Saturday, April 19, 2008

New Publication: Climate Change and Australian Runoff


Preston, B.L. and Jones, R.N. (2008) Evaluating sources ofuncertainty in Australian runoff projections. Advances in Water Resources Volume 31, Issue 5, Pages 758-775.

Abstract
Generating estimates of the future impacts of climate change on human and natural systems is confounded by cascading uncertainties which propagate through the impact assessment. Here, a simple stochastic rainfall–runoff model representing 238 river basins on the Australian continent was used to assess the sensitivity of the risk of runoff changes to various sources of uncertainty. Uncertainties included global mean temperature change, greenhouse gas stabilisation targets, catchment sensitivities to climatic change, and the seasonality of runoff, rainfall, and evaporation.

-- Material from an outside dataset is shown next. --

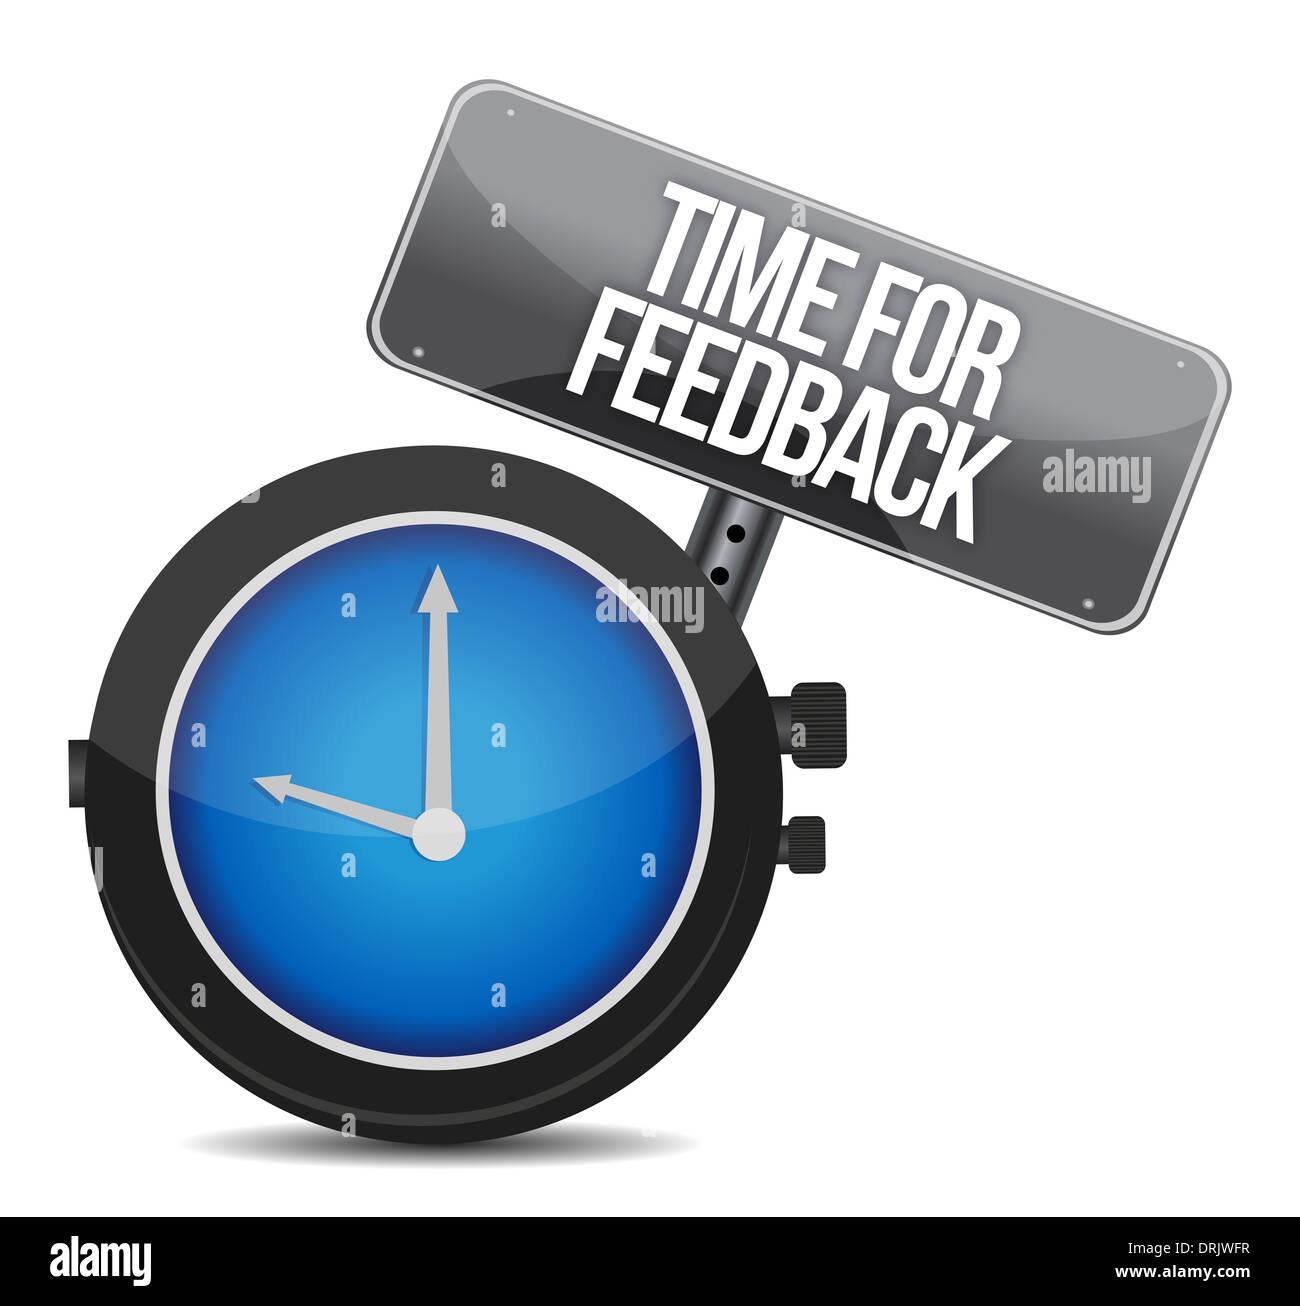 time for feedback illustration design over white - Stock Image

Model simulations provided estimates of the first-order risk of climate change to Australian catchments, with several regions having high likelihoods of experiencing significant reductions in future runoff. Climate uncertainty (at global and regional scales) was identified as the dominant driving force in hydrological risk assessments. Uncertainties in catchment sensitivities to climatic changes also influenced risk, provided they were sufficiently large, whereas structural assumptions of the model were generally negligible. Collectively, these results indicate that rigorous assessment of climate risk to water resources over relatively long time-scales is largely a function of adequately exploring the uncertainty space of future climate changes.